4.1 Competitive resource overreach Covered BudgetEnforcer hard caps No change.
4.2 Steganography Gap (low priority) - LATER: only if agents face oversight-evasion incentives.
4.3 Semantic drift in sequential handoffs Partial DelegationGuard prevents loops; sanitize_message() redacts paths NEW WORK (small): content hash of original task formulation on TurnRecord / TaskExecution.delegation_chain. Low effort. Ties to R4.

Summary: - 5 risks fully covered by existing design (3.1, 3.4, 3.5, 4.1, and partial/by-design coverage). - 3 risks partially covered (1.3, 3.2, 4.3); small additions needed. - 2 HIGH-PRIORITY structural gaps (2.1 majority sway, 2.2 authority deference). - 5 LATER / low-priority (1.1, 1.2, 1.4, 1.5, 4.2); all tied to adversarial or negotiation contexts not in MVP scope. - 1 medium-priority (3.3); clarification gate before decomposition.

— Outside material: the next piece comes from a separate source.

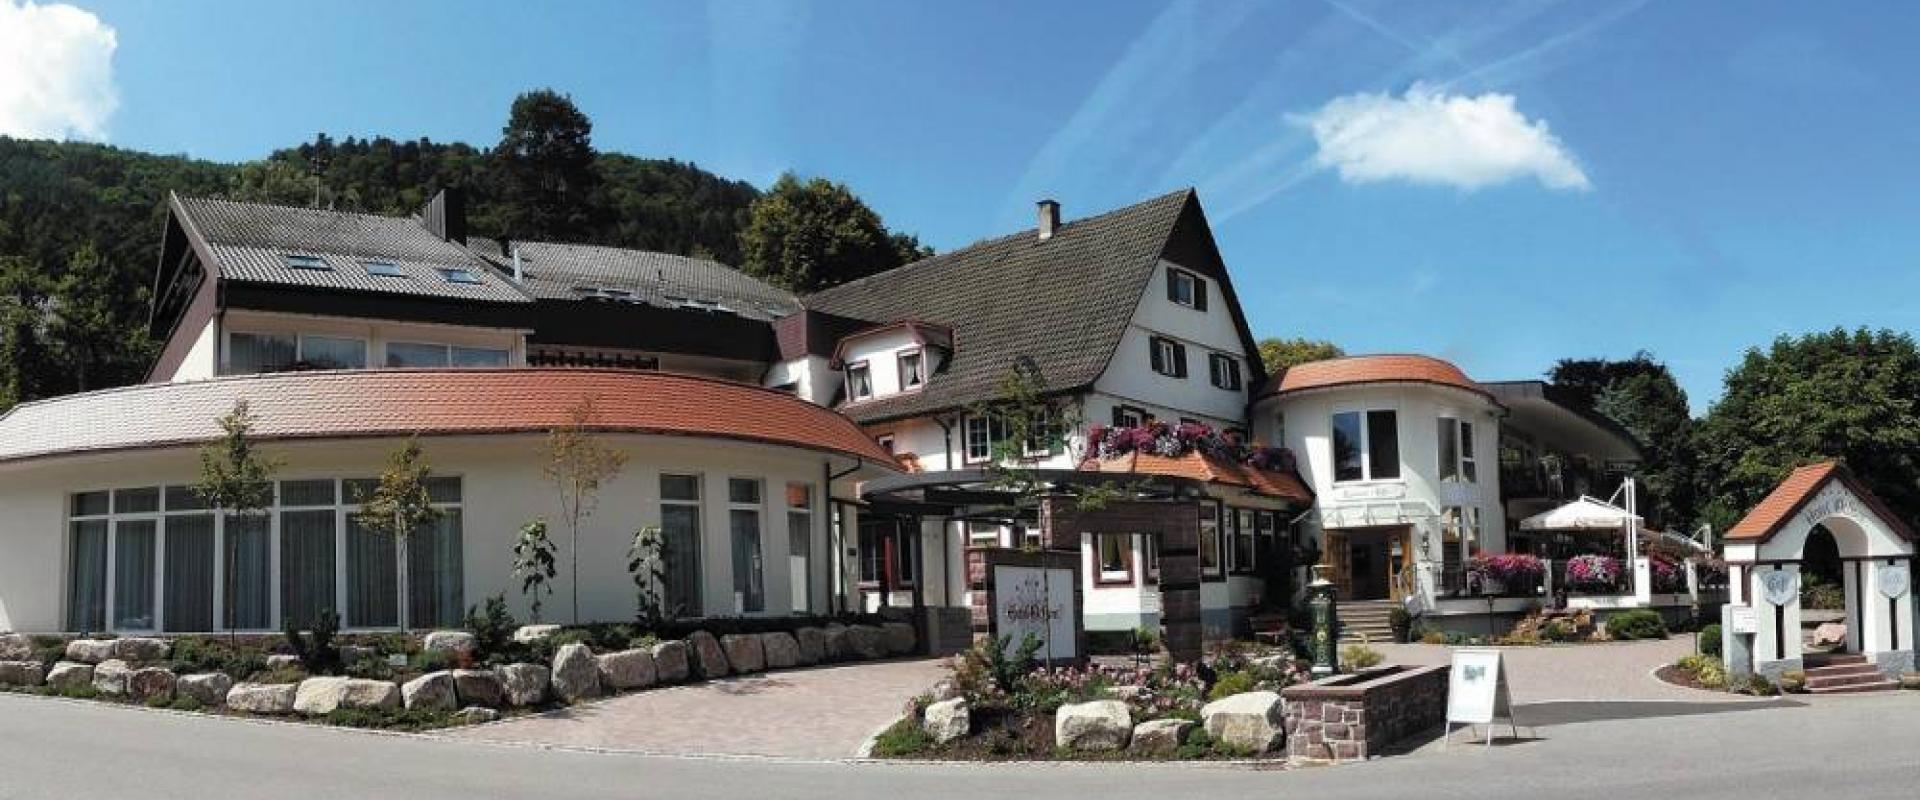 12861 Motorrad Hotel Ochsen im Schwarzwald.jpg
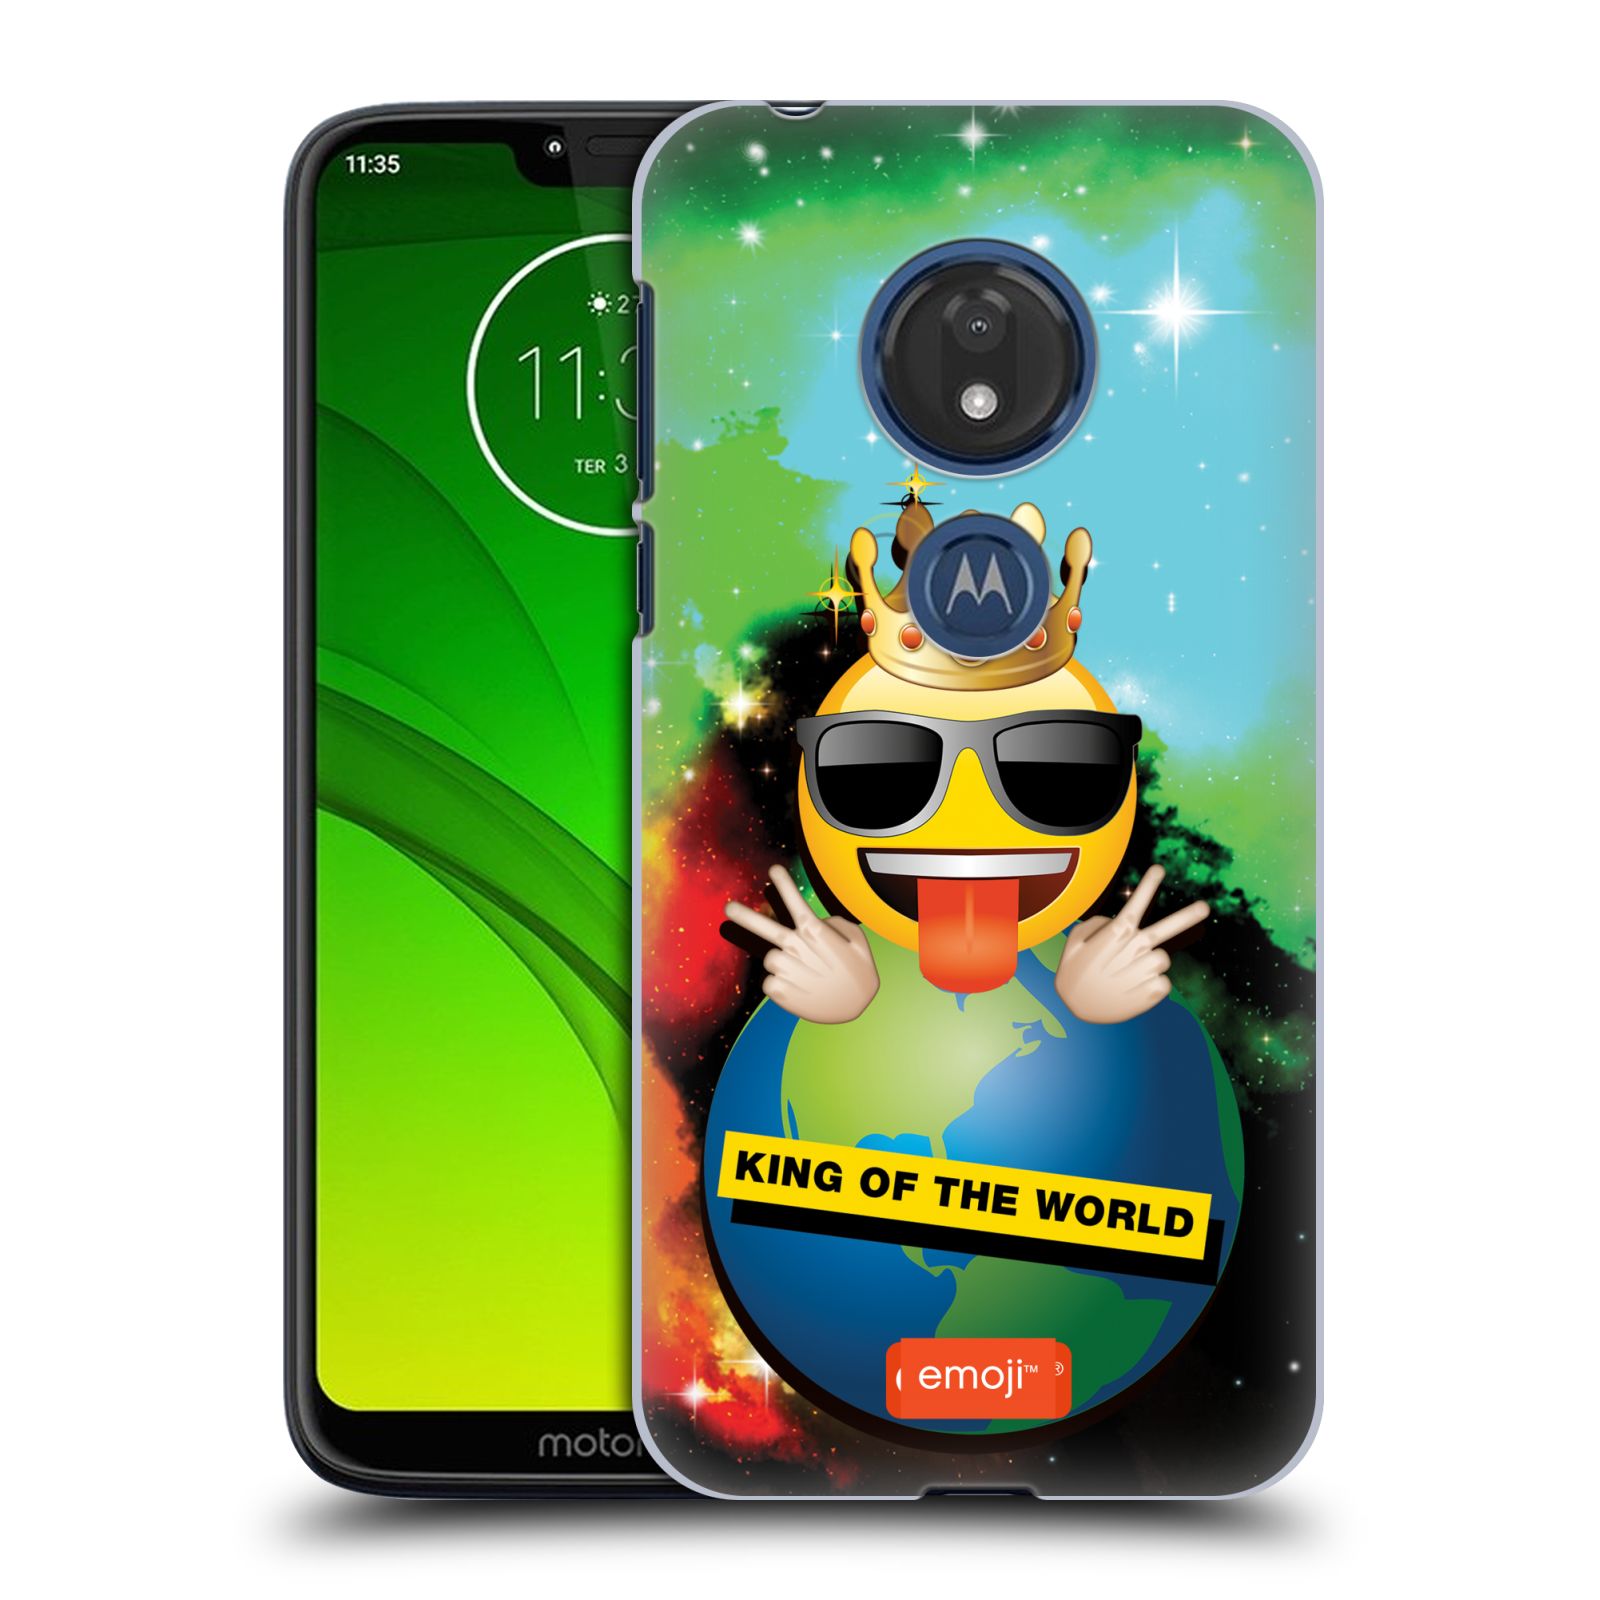 Pouzdro na mobil Motorola Moto G7 Play smajlík oficiální kryt EMOJI velký smajlík král světa

Section 4. Value-Proposition Reconciliation

Paper 3 challenges multi-agent's value claim by showing single-agent matches or beats it on multi-hop reasoning under equal token budgets. If SynthOrg's value proposition were "more agents = better reasoning", the paper would be a direct refutation. It is not. SynthOrg's value proposition is:

  1. Role specialization as work-stream parallelism, not reasoning parallelism. An engineer writing code while a PM writes the spec while a QA writes tests is not competing for reasoning tokens on the same multi-hop question; it is three concurrent workstreams. Paper 3's equal-budget comparison does not apply because the budgets are not pooled on a single task.
  2. Organizational simulation fidelity. A synthetic "company" of one single-agent is not a company. The framework exists to simulate org dynamics (department budgets, hiring, performance tracking, meeting cadences, approval chains) that are inherently multi-entity. Paper 2's formal theorem about decision-theoretic dominance applies to delegated decision networks solving a single decision, not to organizations running many concurrent workflows.
  3. File-level parallel execution via git worktrees. WorkspaceIsolationStrategy.planner_worktrees enables true filesystem parallelism that a single agent cannot achieve without serializing edits. This is orthogonal to reasoning efficiency; it is execution-throughput efficiency.
  4. Persistent institutional memory across role boundaries. OrgMemoryBackend, DissentRecord, DecisionRepository accumulate knowledge that is structured by role. A single-agent cannot produce "engineering decided X over QA's objection" as a queryable audit artifact.
  5. Audit-grade decision trails with role attribution. ReviewGateService + DecisionRecord + charter_version identity versioning produce multi-party accountability that is meaningless in a single-agent system.
  6. Per-task topology auto-selection as a first-class primitive. SynthOrg's position is not "multi-agent everywhere"; it is "choose the right topology per task". Papers 2 and 3 are citation-worthy backing for this choice, not critiques of it.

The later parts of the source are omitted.